Metadata-Version: 2.4
Name: threadkeeper
Version: 0.4.1
Summary: Multi-agent shared brain across Claude Code/Desktop, Codex, Gemini, Copilot, VS Code. Cross-session memory, self-improving skill loops, inter-agent signaling — one local MCP server.
Author: thread-keeper contributors
License: MIT
Project-URL: Homepage, https://github.com/po4erk91/thread-keeper
Project-URL: Repository, https://github.com/po4erk91/thread-keeper
Project-URL: Issues, https://github.com/po4erk91/thread-keeper/issues
Project-URL: Documentation, https://github.com/po4erk91/thread-keeper#readme
Project-URL: Changelog, https://github.com/po4erk91/thread-keeper/releases
Keywords: mcp,model-context-protocol,claude,codex,gemini,copilot,memory,agents,self-improving,skills
Classifier: Development Status :: 4 - Beta
Classifier: License :: OSI Approved :: MIT License
Classifier: Operating System :: MacOS
Classifier: Operating System :: POSIX :: Linux
Classifier: Programming Language :: Python :: 3.11
Classifier: Programming Language :: Python :: 3.12
Classifier: Programming Language :: Python :: 3.13
Classifier: Topic :: Software Development :: Libraries :: Python Modules
Classifier: Topic :: Scientific/Engineering :: Artificial Intelligence
Requires-Python: >=3.11
Description-Content-Type: text/markdown
License-File: LICENSE
Requires-Dist: mcp>=1.0.0
Provides-Extra: semantic
Requires-Dist: sentence-transformers>=2.2.0; extra == "semantic"
Requires-Dist: numpy>=1.24.0; extra == "semantic"
Requires-Dist: sqlite-vec>=0.1.9; extra == "semantic"
Provides-Extra: dev
Requires-Dist: pytest>=8.0; extra == "dev"
Requires-Dist: pytest-cov>=5.0; extra == "dev"
Dynamic: license-file

# thread-keeper

[![tests](https://github.com/po4erk91/thread-keeper/actions/workflows/test.yml/badge.svg)](https://github.com/po4erk91/thread-keeper/actions/workflows/test.yml)
[![Python](https://img.shields.io/badge/python-3.11%2B-blue)](https://www.python.org/downloads/)
[![License: MIT](https://img.shields.io/badge/License-MIT-yellow.svg)](LICENSE)
[![PyPI](https://img.shields.io/pypi/v/threadkeeper.svg)](https://pypi.org/project/threadkeeper/)
[![CLIs](https://img.shields.io/badge/CLIs-Claude%20%7C%20Codex%20%7C%20Gemini%20%7C%20Copilot%20%7C%20VS%20Code-green)](#multi-cli-integration)

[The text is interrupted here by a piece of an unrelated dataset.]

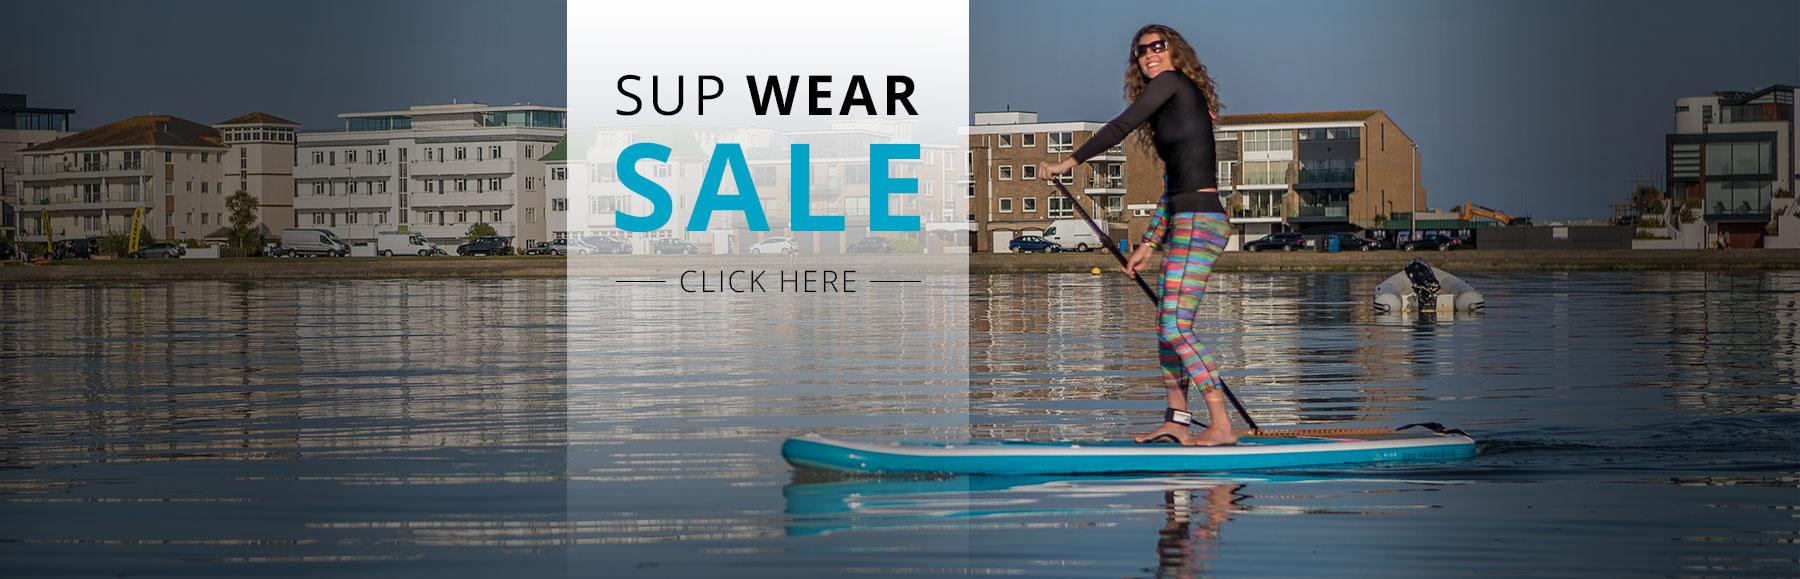 SUP Wear Sale

**Multi-agent shared brain across Claude Code/Desktop, Codex, Gemini,
Copilot, and VS Code.** Cross-session memory, self-improving skill
loops, and inter-agent signaling — one local MCP server turns parallel
agent instances into a coordinated multi-agent system instead of N
isolated chats.

Every connected client (Claude Code, Claude Desktop, Codex CLI +
desktop, Gemini, Copilot, every MCP-aware VS Code extension) shares
one SQLite store, one set of threads, one user model, and one learning
loop that improves the skill library autonomously over time.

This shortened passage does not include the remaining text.